Part of me used to think the clearer I was, the more my path would manifest in front of me. Stoned thinking usually leads to some not-so-down-to-earth conclusions. Usually, I’d see the signals that something I’ve been hoping on for years was in fact coming to me. But that’s not happening this time. In fact, the exact opposite is occurring. I feel like my time has been wasted, I feel like it’s too late, and I feel like there’s no point in wishing on a sense that’s just not there. It may be time to hang it all up for real. I’m not about to force something into place that’s not meant to be, as it’s not in my best interest to break the sound barrier by screaming too loud into the receiver.

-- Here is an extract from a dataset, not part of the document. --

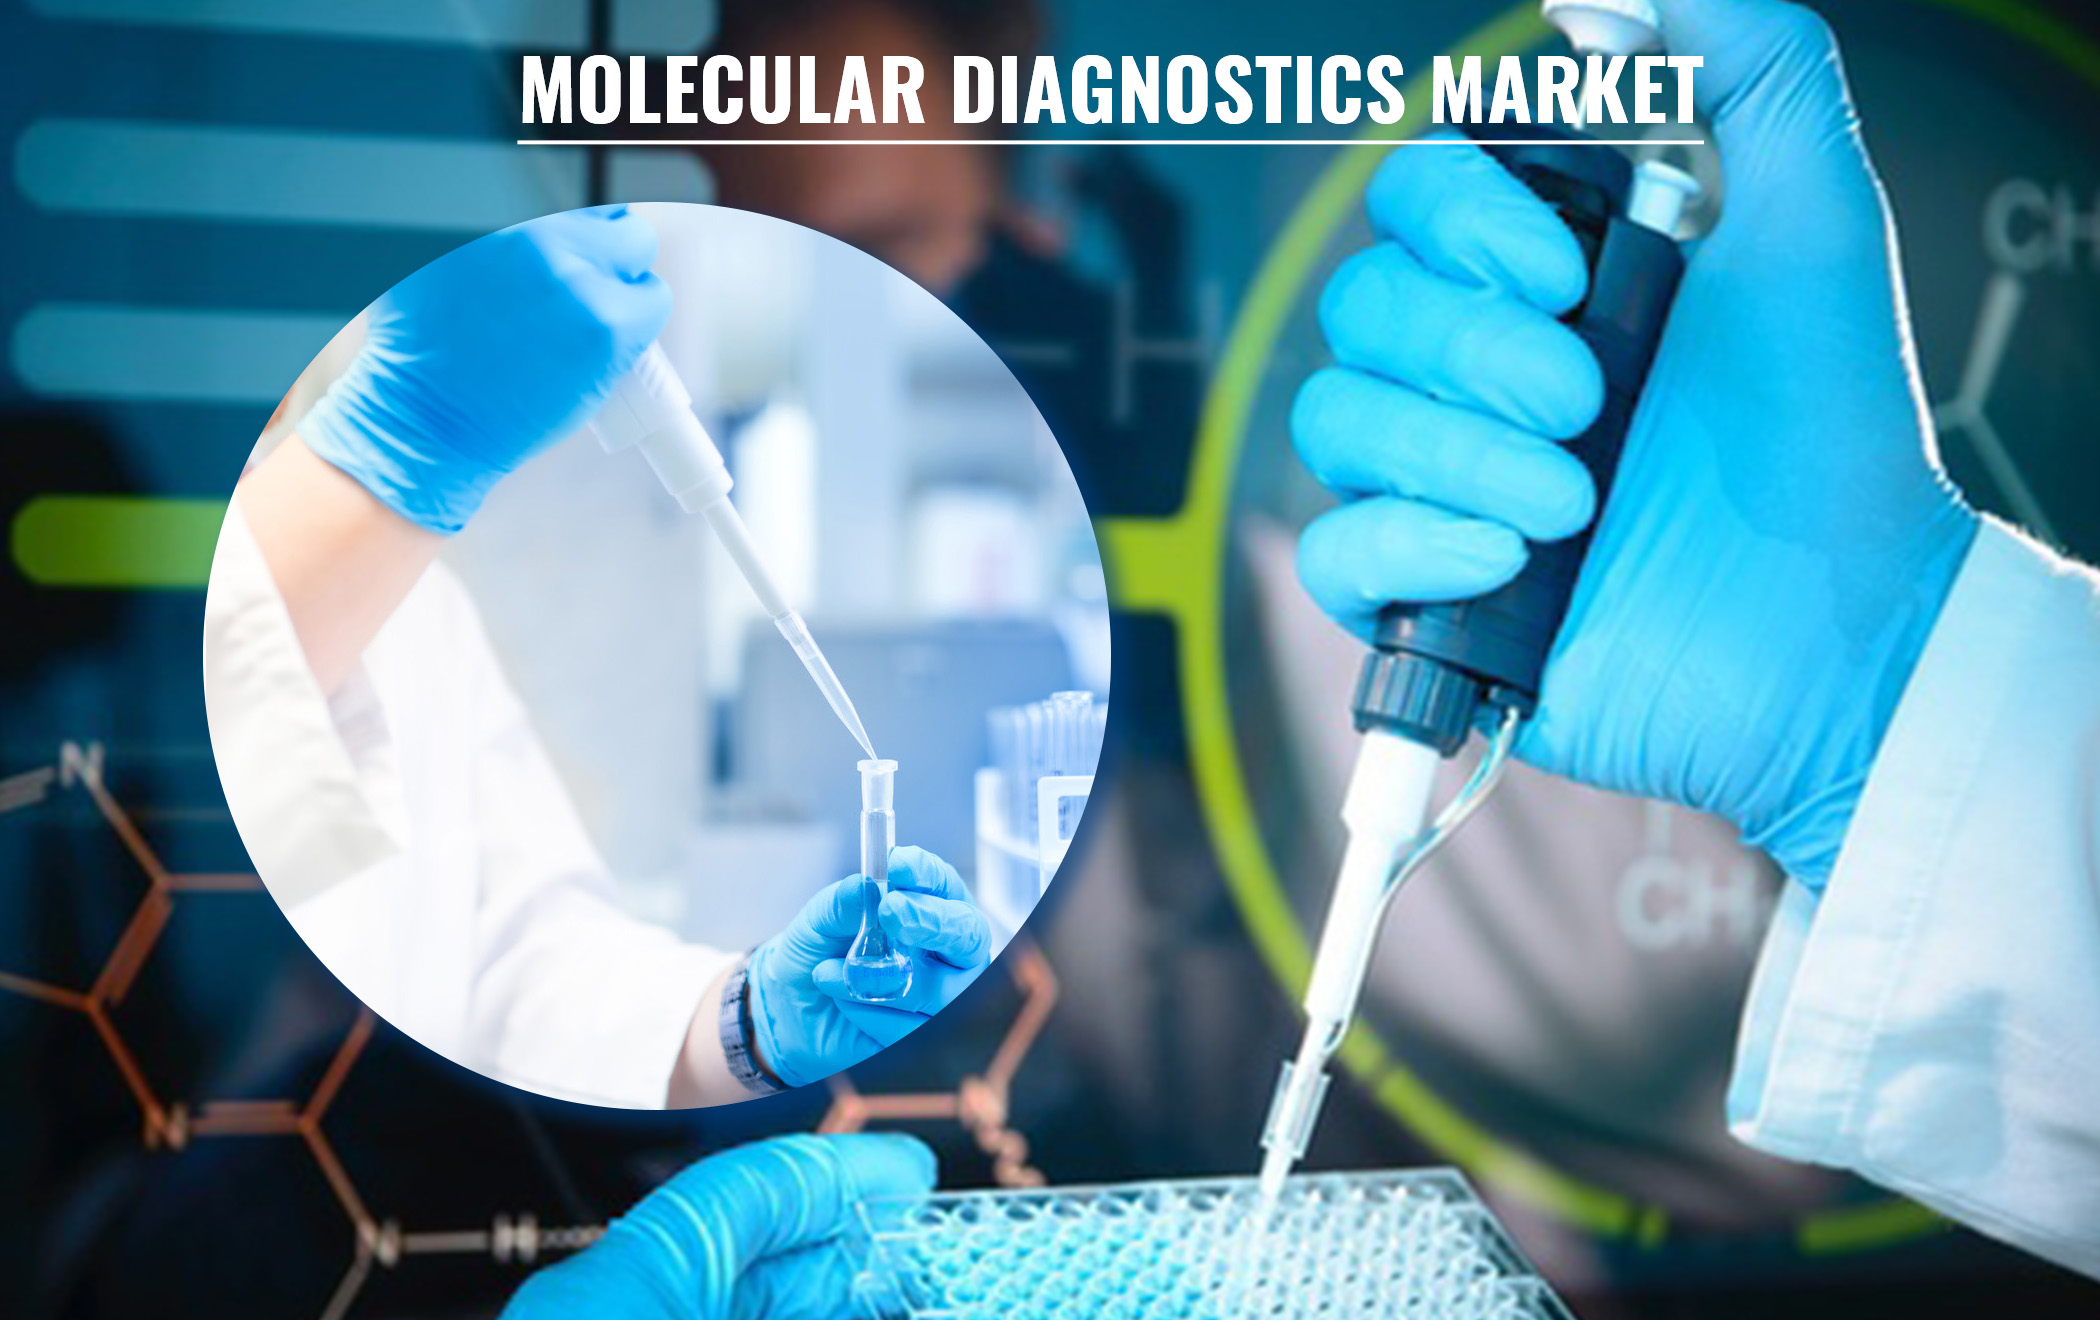 Global Molecular Diagnostics Market is Likely to Register a CAGR of 8.7% Between 2019 to 2030
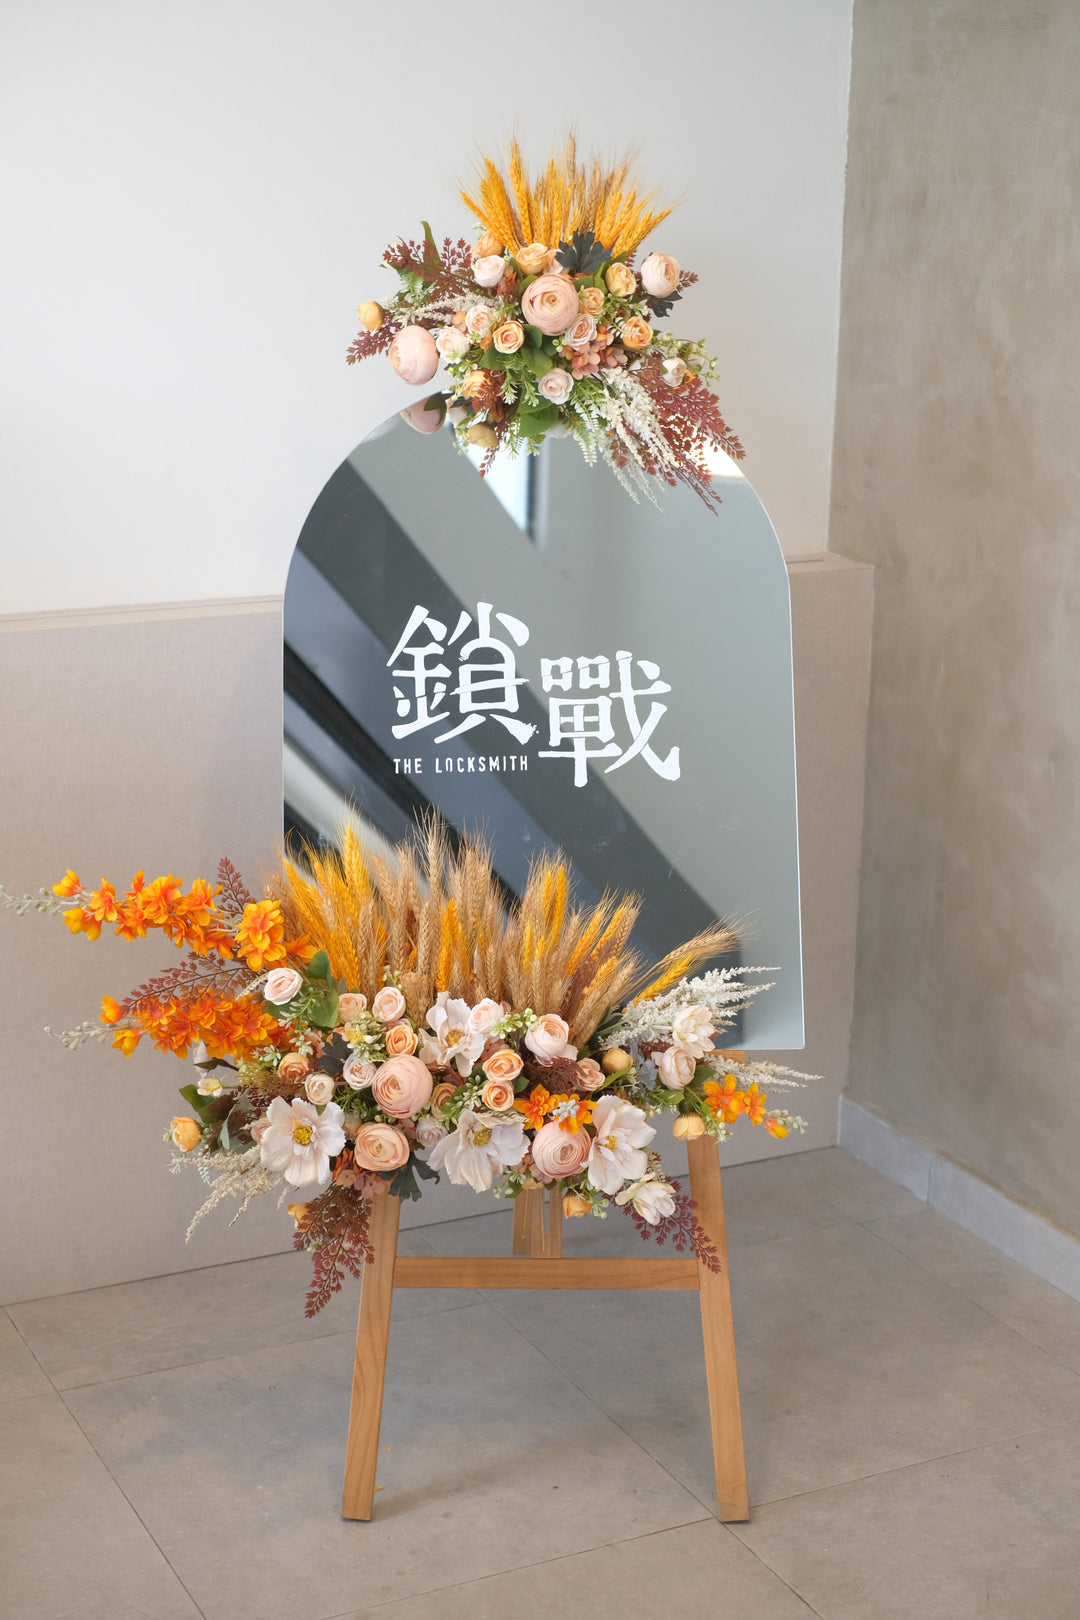 instagrammable Flower Frame Selfie Mirror for delivery in Penang.  Latest trend for shop opening gift.

I’ve been in the silence for over forty-eight hours. It’s much easier to be without social media than I thought it would be. But I really feel the rain cloud looming overhead this time around. I’m trying to find an excuse as to why I feel like this, like I’m facing some anxiety as my thirty-sixth year approaches. But it really feels like something different this time. Like I really could end up alone forever. No matter what happens, no matter who crosses my path, no one will ever find the connection to me ever again. Lose my number, because I’m already lost. Maybe I’m just meant to be a solo entity. Maybe no one is meant to relate to me in the traditional sense. Maybe this life just has more on the line for me than what I previously thought.
I’m struggling. I know everyone is, but I really don’t feel like I’m able to properly portray just how hard it feels right now. It’s like I have to worry about everyone else before I can be the first on call. I don’t know how to get over this, either. I don’t know what it’s going to take. Perhaps it’s still too early to tell. But as long as I keep dialing into the right phonelines, I can stop worrying about who’s not showing up on mine. It’s taking all that’s in me to not roll a blunt right now. Or sip some whisky. Do something that will combat this never-ending boredom. This recycled anxiety with nowhere to go but in and out of my inner call box.
I’ll get over it. I’m hearing that dial tone. Someone has to hang it up eventually, and it may as well be me.